> WHAT IS REQUIRED:
Exactly as written, output each of the lines below, with no images.

#### DATA EXTRACT

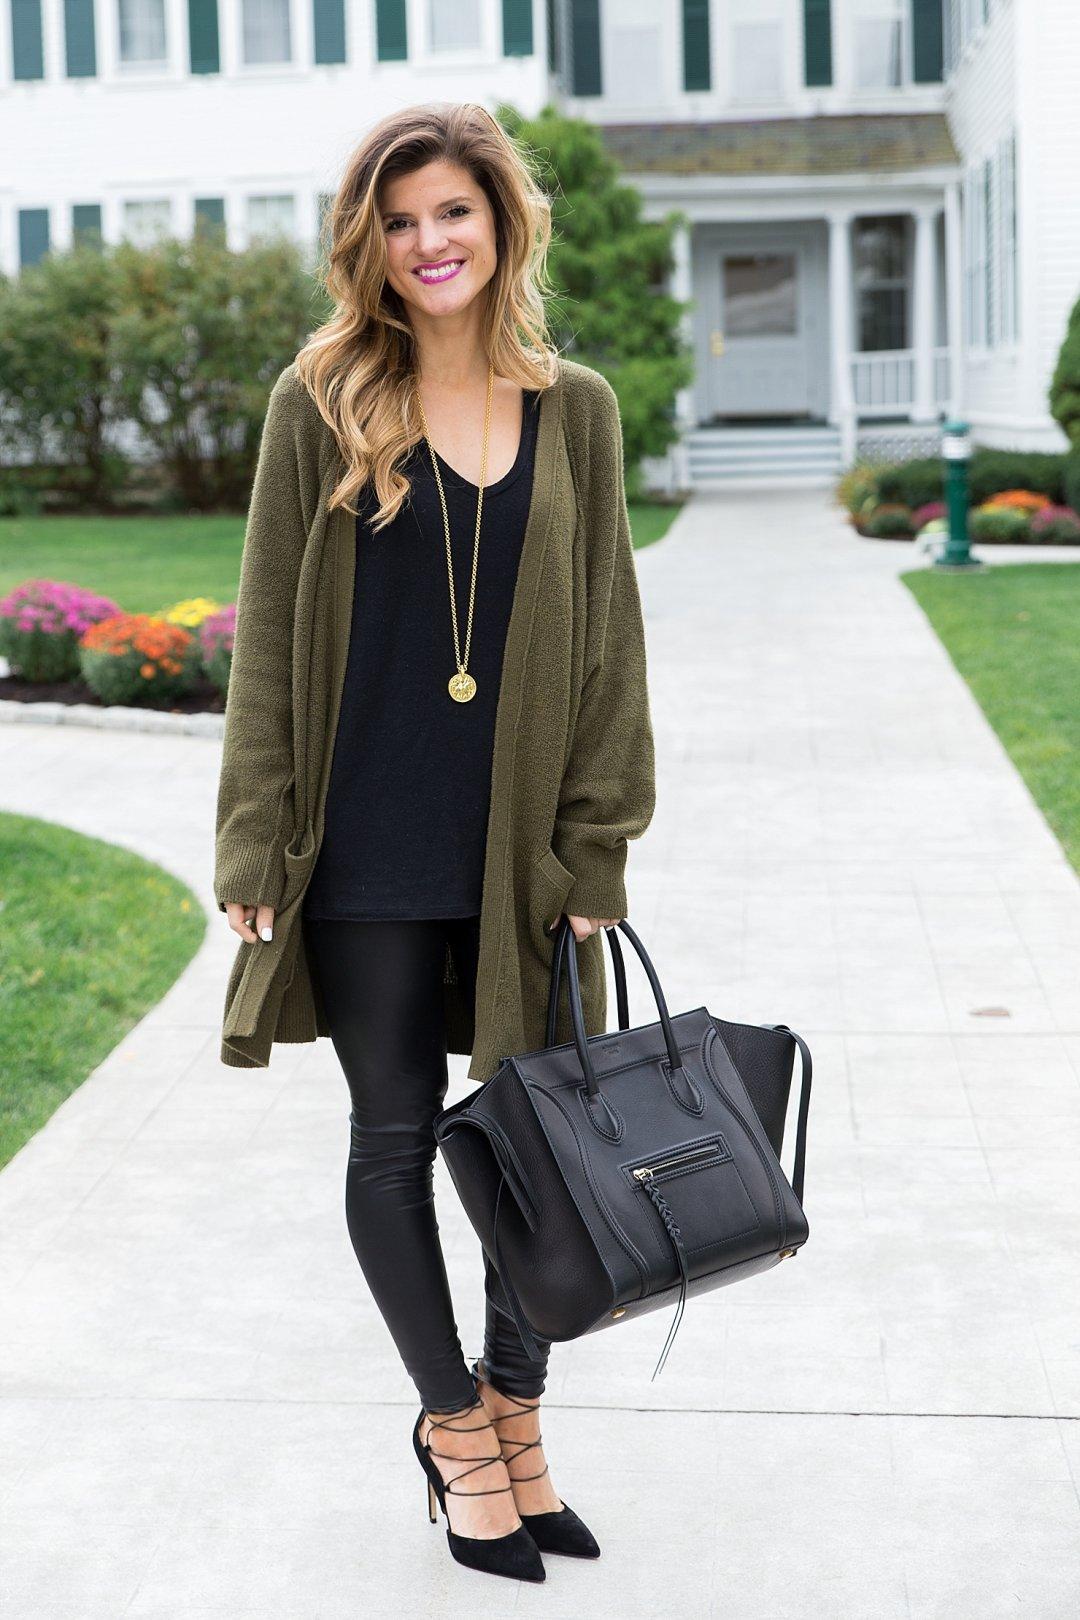 Olive Green Sweater Leather Leggings Black Tunic Golid
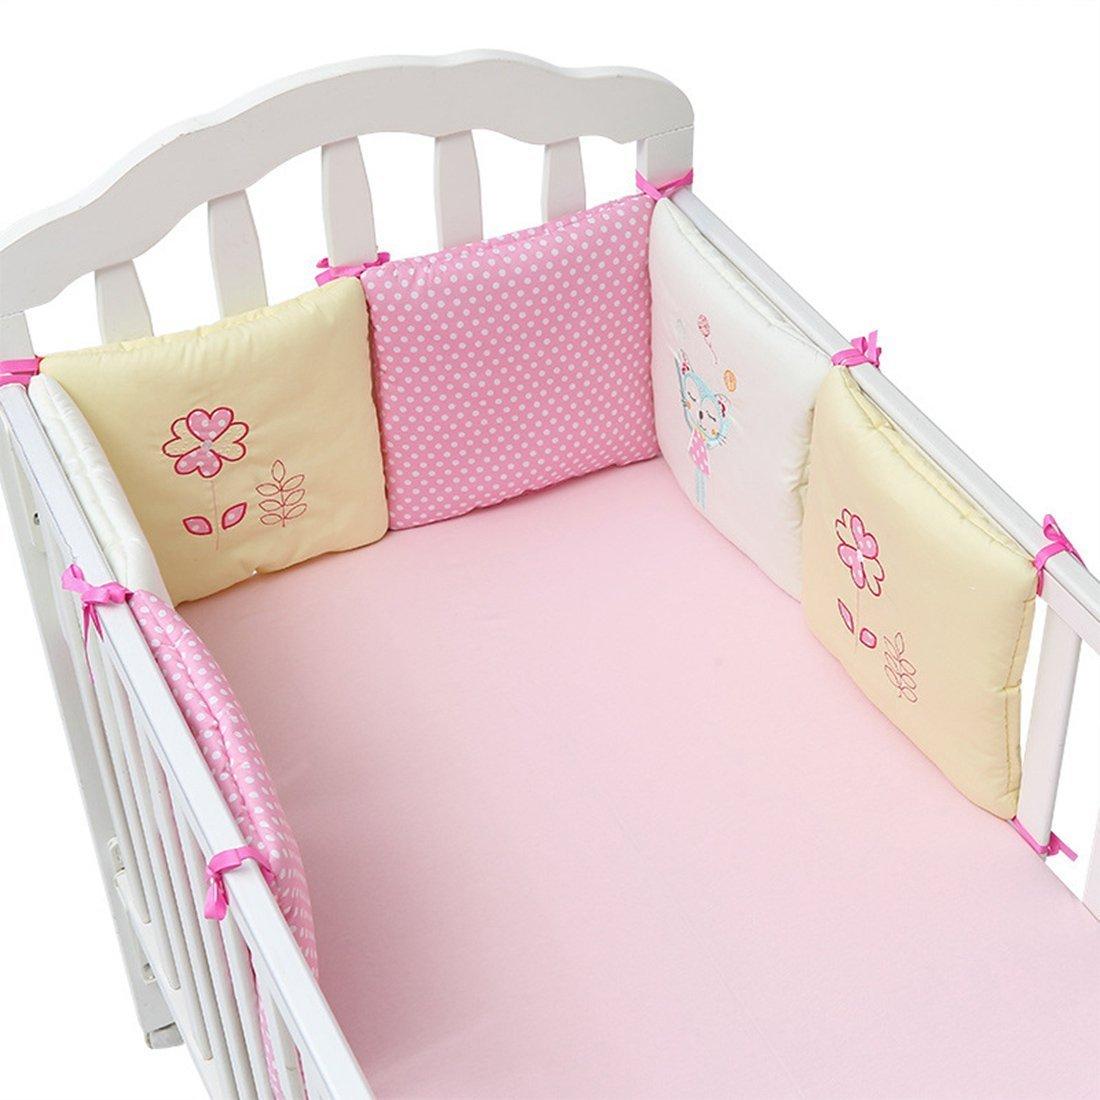 6pcs Infant Crib Bumper Bed Protector Baby Kids Bedding Nursery Bumper Cotton Crib Bumper (flower) Sunveno
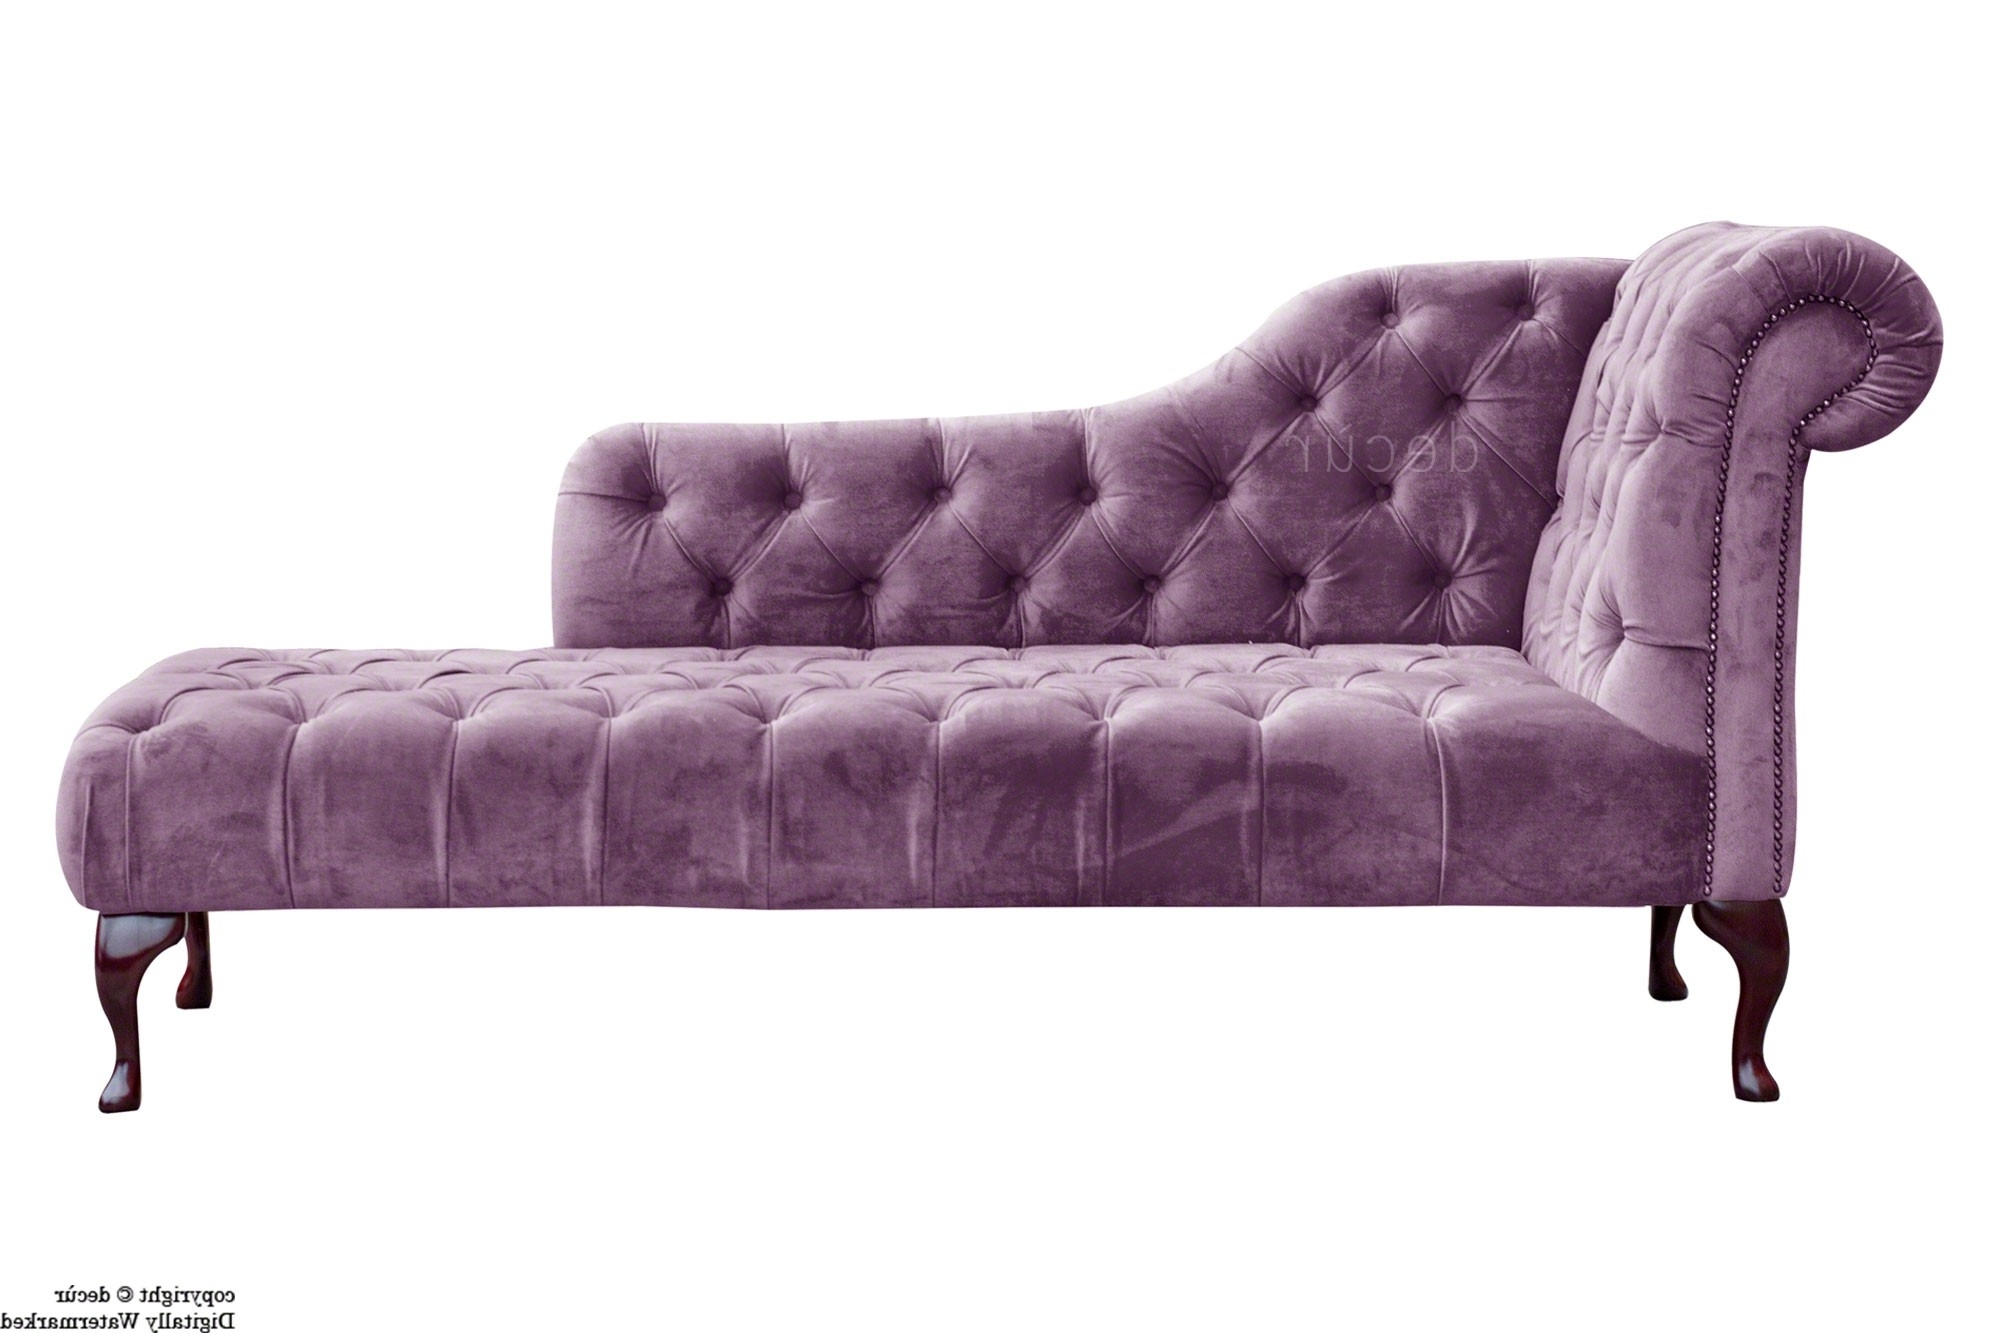 Stunning Purple Chaise Longue Ideas – Joshkrajcik – Joshkrajcik Inside Famous Velvet Chaise Lounges (View 8 of 15)
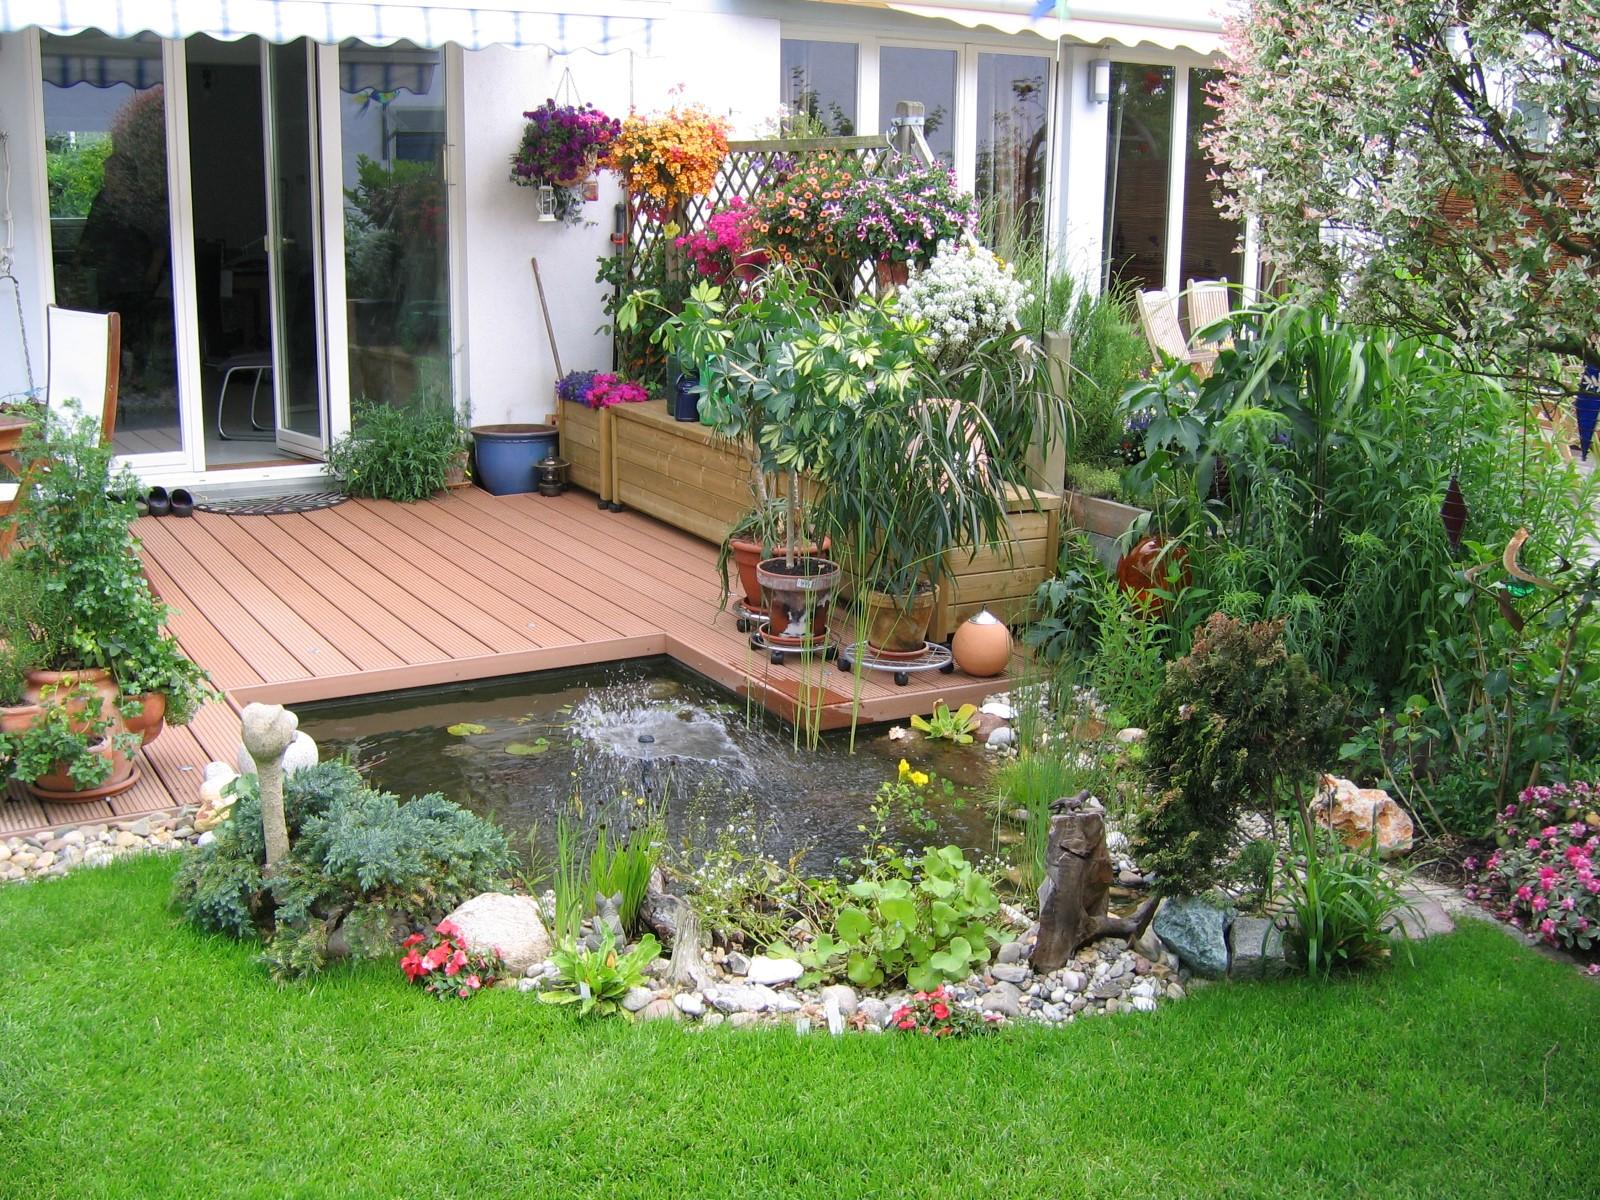 Gartengestaltung - Grüne Oase

########

> WRITTEN SOLUTION:
 Olive Green Sweater Leather Leggings Black Tunic Golid
 6pcs Infant Crib Bumper Bed Protector Baby Kids Bedding Nursery Bumper Cotton Crib Bumper (flower) Sunveno
 Stunning Purple Chaise Longue Ideas – Joshkrajcik – Joshkrajcik Inside Famous Velvet Chaise Lounges (View 8 of 15)
 Gartengestaltung - Grüne Oase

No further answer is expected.